Nel frattempo si era sposato con Virginia Baroccio, nata anche
lei a Roma il 5 aprile 1885, ed aveva avuto tre figli: Fernando,
Giorgio, Renata.
La vita dei coniugi Piperno è quella di una famiglia perfettamente
integrata nella società dell’epoca, che le leggi
razziali fasciste promulgate in Italia a partire dal settembre
del 1938, porteranno ad una progressiva emarginazione. A partire
da quel periodo, Augusto vede via via diminuire il numero degli
abituali clienti perché la legislazione antiebraica vieta
alle istituzioni pubbliche di avere fornitori ebrei; per rimediare
a questa situazione l’azienda viene formalmente affidata
a persone di fiducia, che compaiono come unici titolari dell’impresa.

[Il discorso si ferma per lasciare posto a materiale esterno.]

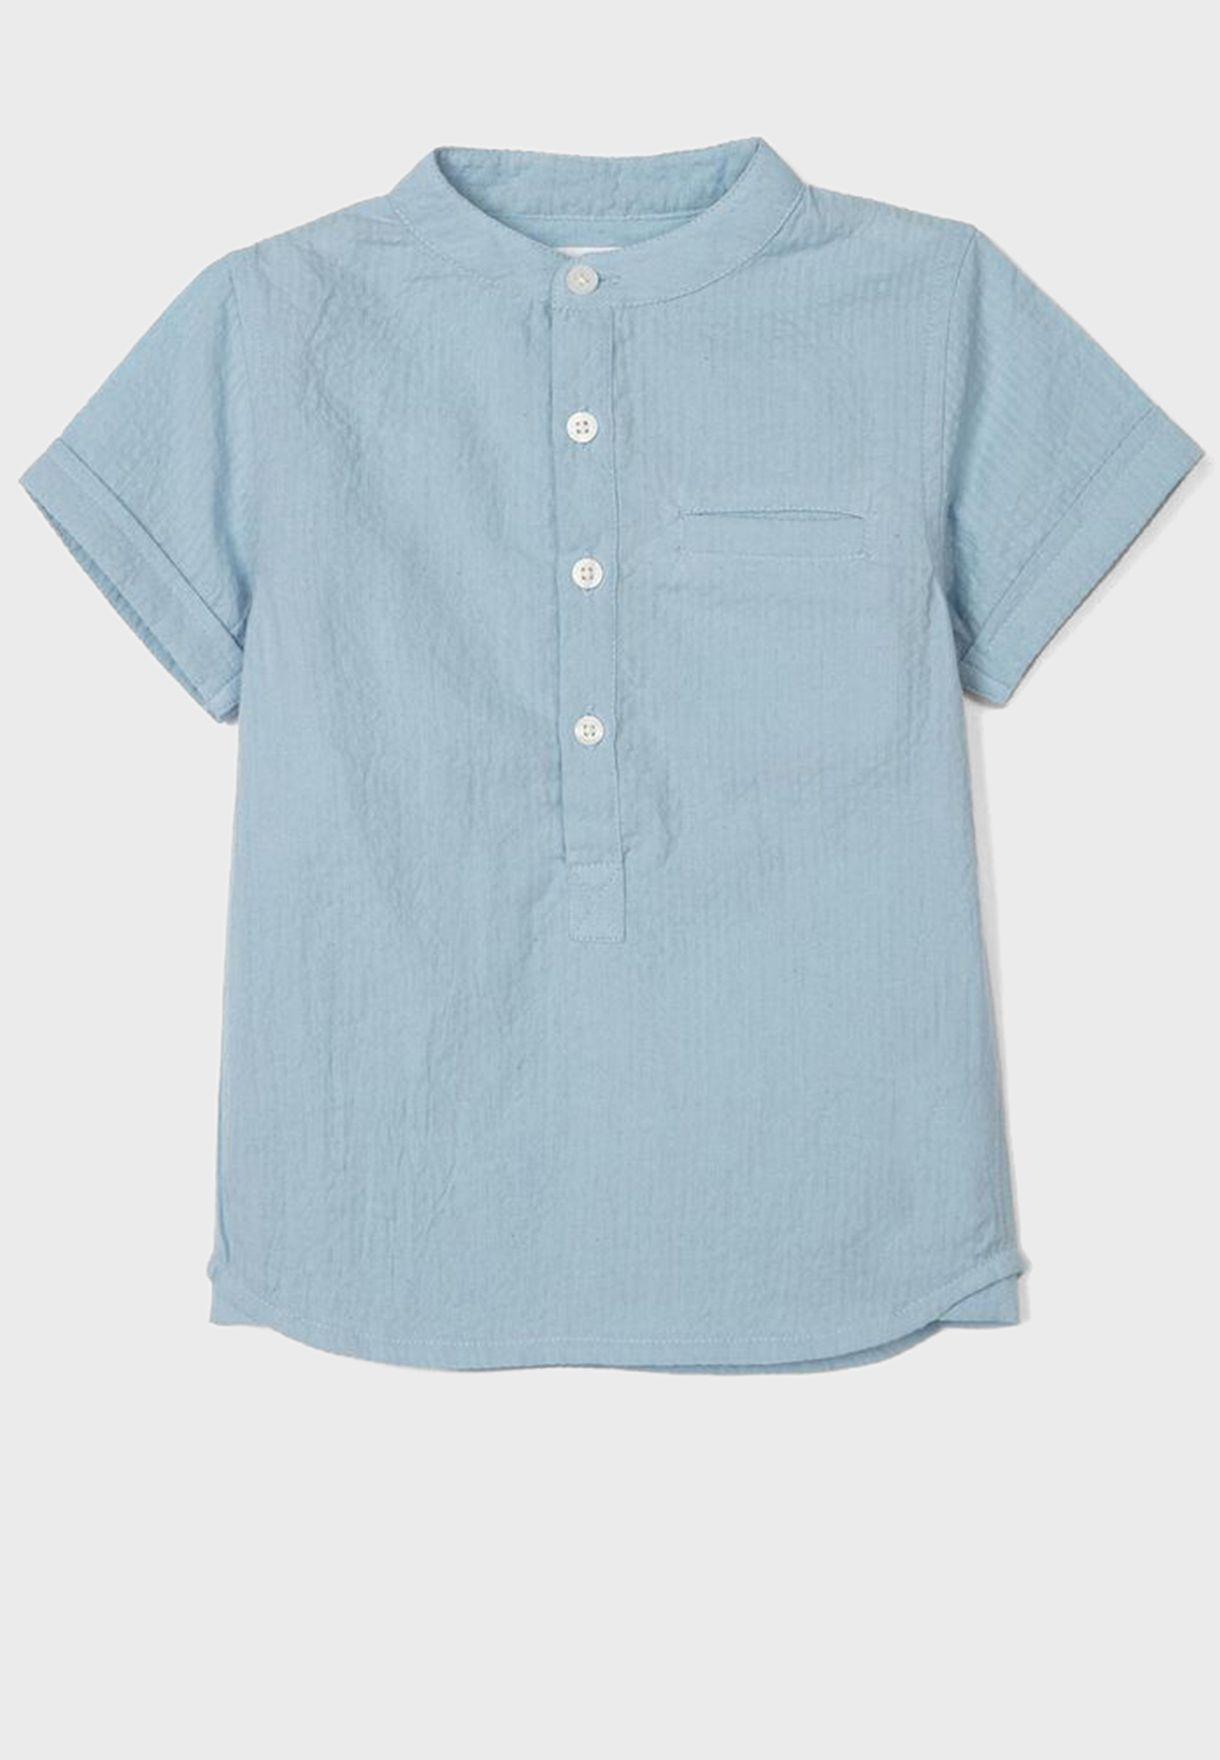 Infant Half Placket Shirt

Già dal gennaio del 1938 aveva iniziato a lavorare nell’azienda
di famiglia il primogenito Fernando. Laureato anch’egli
in ingegneria industriale, Fernando aveva terminato all’inizio
del 1938 il servizio militare come ufficiale; le difficoltà materiali
e fisiche che colpiscono Augusto Piperno lo obbligano a lavorare
nella ditta paterna, rinunciando ad un promettente percorso
accademico che le leggi razziali stroncano del tutto con il
divieto per gli ebrei di insegnare in tutte le scuole di ogni
ordine e grado; quelle stesse leggi lo obbligano inoltre a
restituire la sciabola e a levarsi i gradi di ufficiale.
Nel frattempo era entrato nella ditta un personaggio importante
nella vita di Fernando il cugino Carlo Pontecorvo, un ragazzo
pieno di inventiva, “avanti nel tempo”, che entusiasmava
Fernando, facendolo appassionare al proprio lavoro.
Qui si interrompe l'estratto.